One remark that puts some perspective on it is from archaeologist Alan Millard: of 120 ANE kings known to us from various documentary sources, the existence of only 20 is confirmed by inscriptions. That’s 100 missing kings, despite recording themselves as winning victories, or being recorded by other kings as defeated.

It doesn’t, and never would, include leaders of tribal slave revolts pulling a fast one on you. Compare Spartacus - no contemporary evidence whatsoever - just two historians writing 150 years or so later. Ever heard anyone deny his existence, though?
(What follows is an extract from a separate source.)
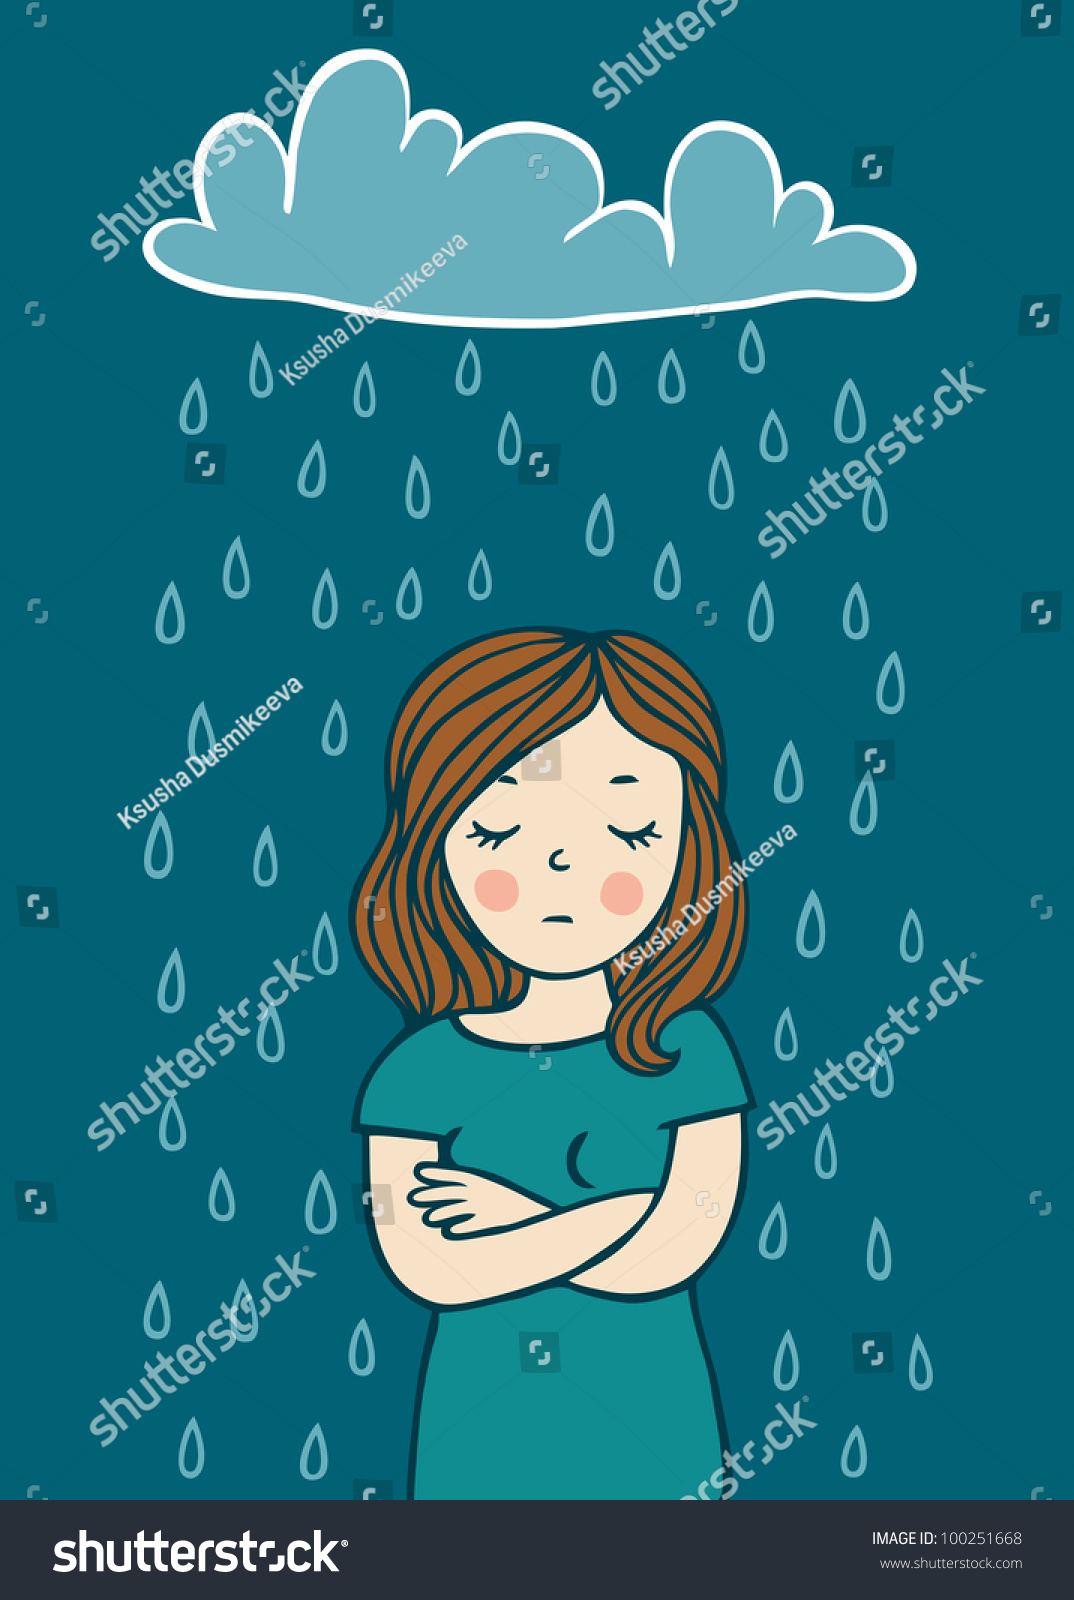 Girl In A Bad Mood Stock Vector Illustration 100251668 : Shutterstock

Remember, too, that just a decade or two ago the very existence of King David was denied outright by the small but influential group of “low chronology” archaeologists, and by the OT scholars whose evolutionary theories of Israelite religion such conclusions suited. Then in 1994 they found the Tel Dan Stele mentioning “the House of David” as early as the 9th century.

Even so, there have been those wanting to show that that evidence too is evidence of absence… but even Wikipedia concludes “House of David” is the meaning. There was a Davidic dysnasty in the 9th century - current royal dynasties are not fictional.

We also tend to forget that the only evidence we have for the existence of the vast majority of ancient authors is their writing itself - or often just citations of their writing in other works (Think of Papias or Hegesippus - major sources for early Christian history known only from citations).

Just imagine being the guy commissioned, many centuries later, to invent Moses out of whole cloth, to compile the torah (books of undoubted genius) and pass them off as his teaching, and then to sell the whole package to your nation as their foundation story, as opposed to whatever had been remembered from their real past.

It would be like trying to persuade Americans about the Sioux Chief Mitch Egan and his forty-nine warriors (Ken Tucky, Minnie Sota and Ida Hoe foremost amongst them) liberating the United States from slavery in Mexico and being given lands in return. Sooner you than me!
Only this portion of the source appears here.